The vectors $x_i$ and $y_j$ refer to the embedded space and mapping space respectively. The distribution in the mapping space is a t-distribution with a single degree of freedom (Cauchy distribution), hence the name t-SNE: t-distributed Stochastic Neighbor Embedding.

To find a good embedding we want to minimize the Kullback-Leibler divergence between $p$ and $q$. In this way we enforce that the distances in the embedded space and mapping space lead to similar probabilities and hence the structure of the data in the embedded space is preserved during the mapping.

Stochastic gradient descent

The cost function we want to minimize is

$$ \begin{equation} C = \text{KL}(P||Q) = \sum_{i,j} p_{ij} \log \left( \frac{p_{ij}} {q_{ij}} \right) \end{equation} $$

and is best done using a stochastic gradient descent.
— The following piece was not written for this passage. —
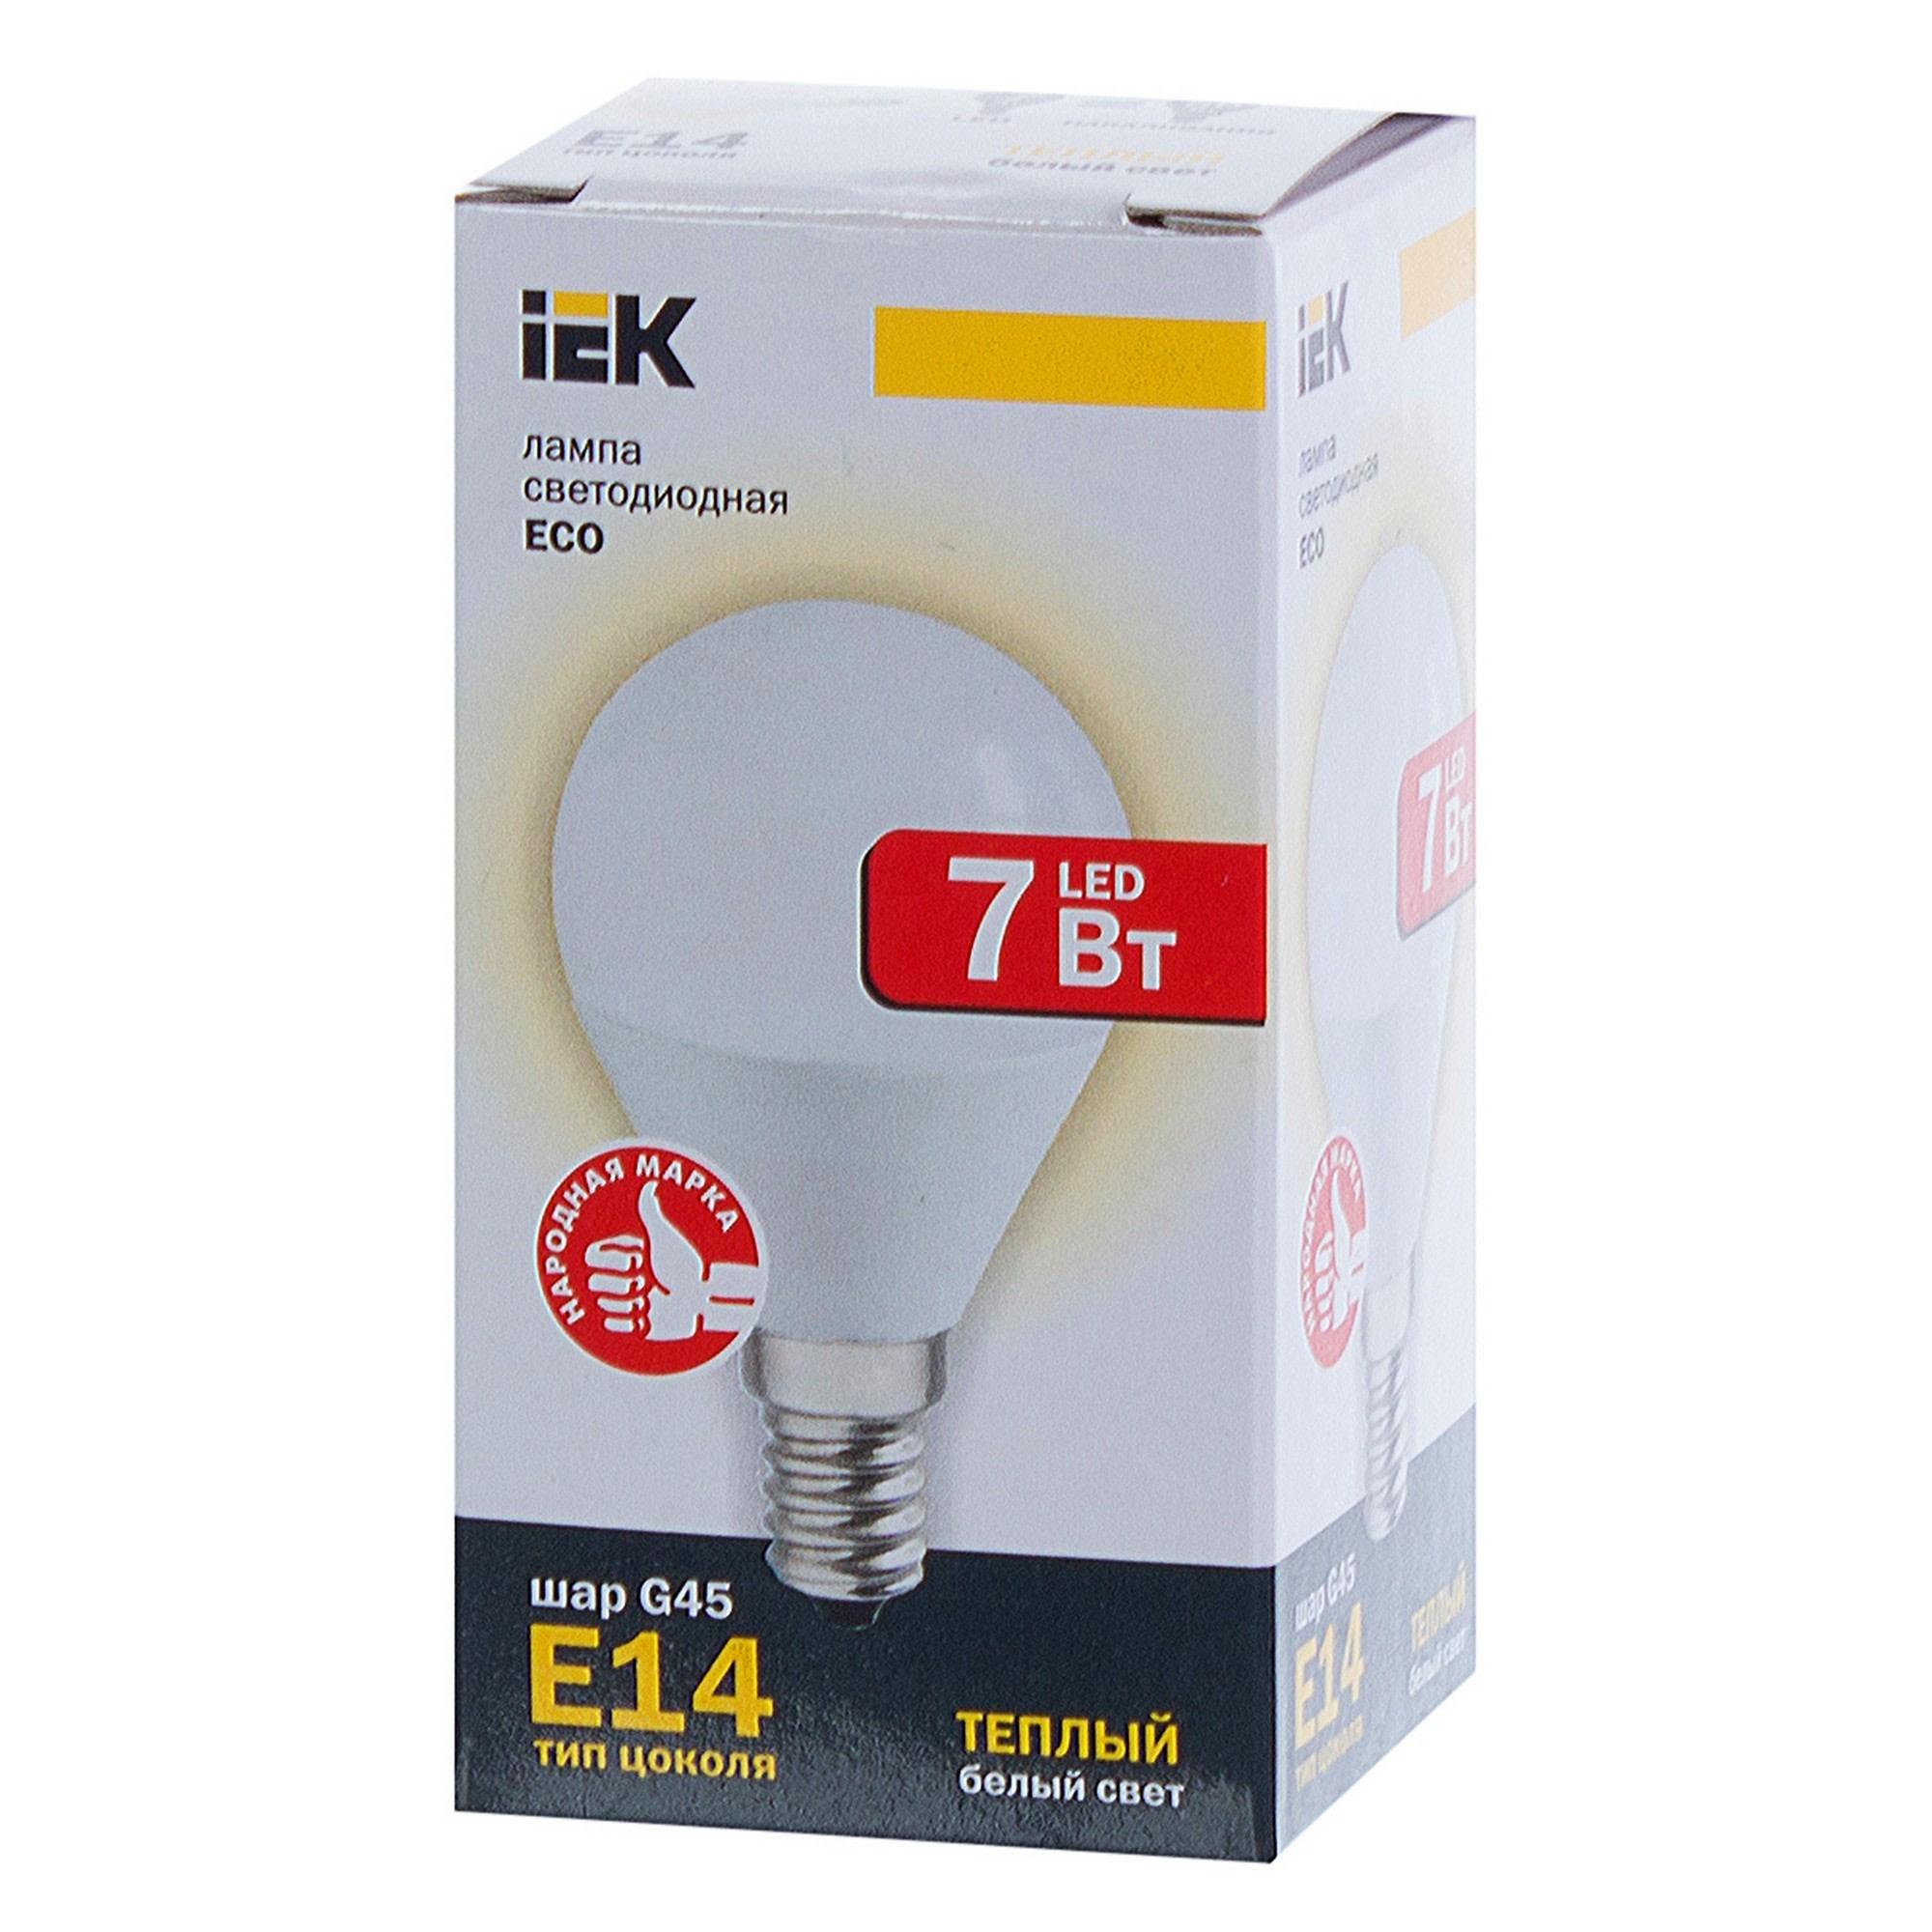 Лампа светодиодная IEK G45 Шар E14 7 Вт 3000К свет тёплый белый

The gradient is given by

$$ \begin{equation} \frac{\partial C}{\partial y_i} = 4\sum_i (p_{ij} - q_{ij})(y_i - y_j) \big(1+||y_i-y_j||^2\big)^{-1} \end{equation} $$

and has a quite nice interpretation:

  • the difference between the joint probability distributions acts as a "spring" force between the point $i$ and $j$.
  • depending on the position and the spring constant the force either repels the points (the points are too close in the mapping space, such that $q_{ij} > p_{ij}$) or attracts points towards each other (due to large distances).
  • the "inverse square law" prevents the so-called crowding problem, i.e. to many small attractive forces lead to a crowding of mapped points (e.g. in Sammon mapping). It also introduces a scale invariance at large distances, making clusters of points interact in the same way as single points - just like in gravity!!
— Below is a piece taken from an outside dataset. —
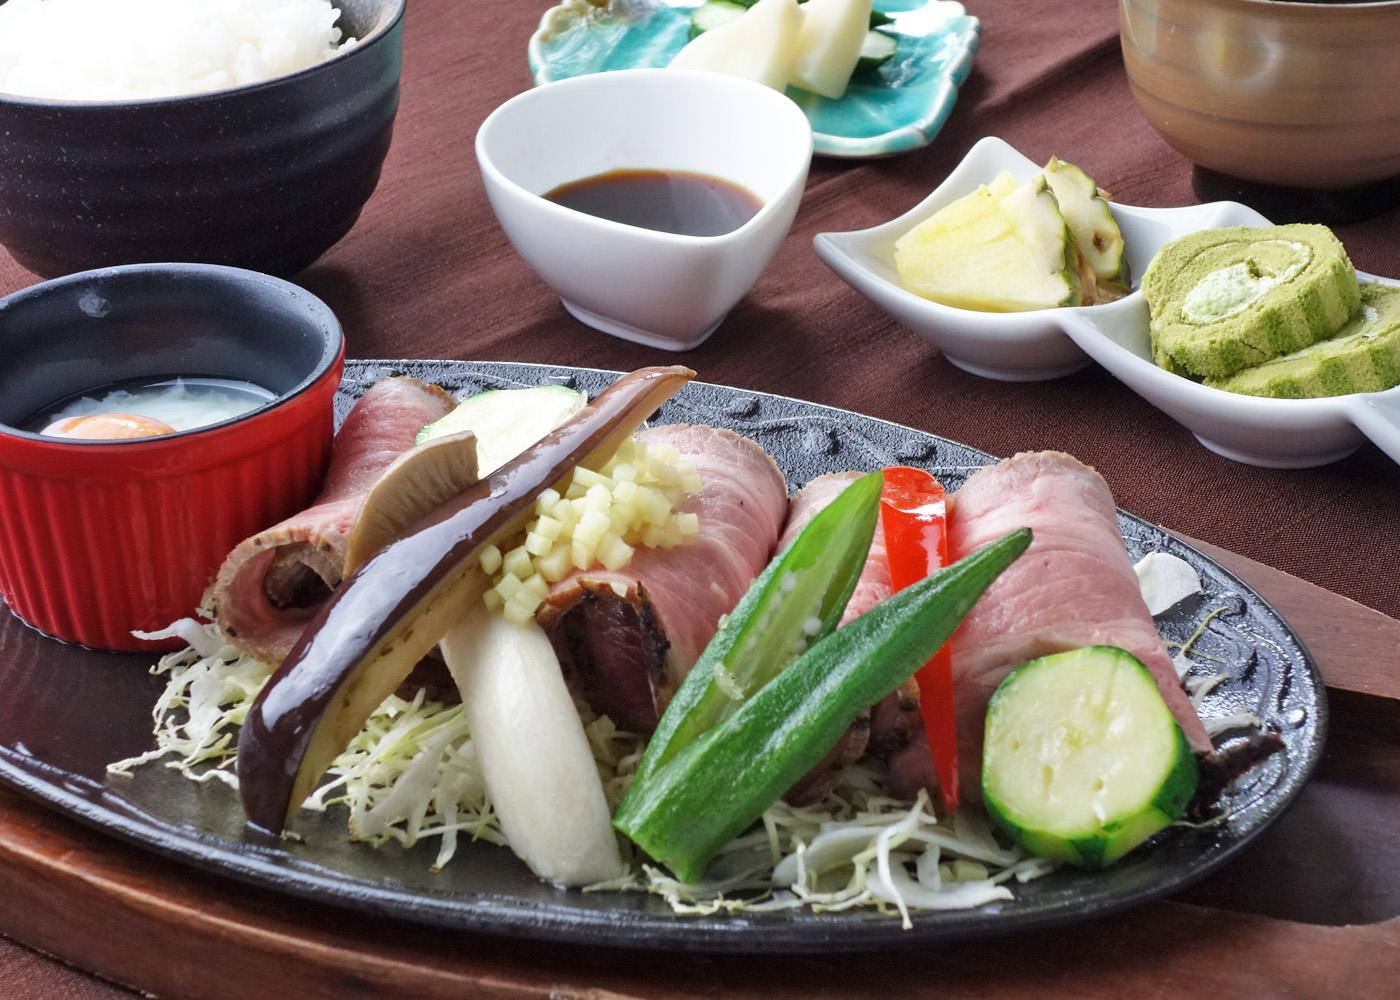 低温調理の四元豚生姜焼き 1,500円(税別)

Numerical experiment with artifically clustered data

We explore t-SNE using artifically clustered data that lie at the corners of a 3-dim cube. Training a good t-SNE representation will allow us to learn an effective 2-dim distribution that reflects the true 3-dim distribution.


In [1]:
import numpy as np
import numpy.random as rd
import matplotlib.pyplot as plt
import seaborn as sns

%matplotlib inline


:0: FutureWarning: IPython widgets are experimental and may change in the future.

In [3]:
## This method can be used to produce clustered data in arbitraty dimensions.
## However, we will limit ourselves here to 3-dimensions and explicitly define the center points of the clusters

dimensions = 10
number_clusters = 18
initial_pts = [tuple(2 * rd.binomial(1, .5, size=dimensions) - 1) for x in range(number_clusters)]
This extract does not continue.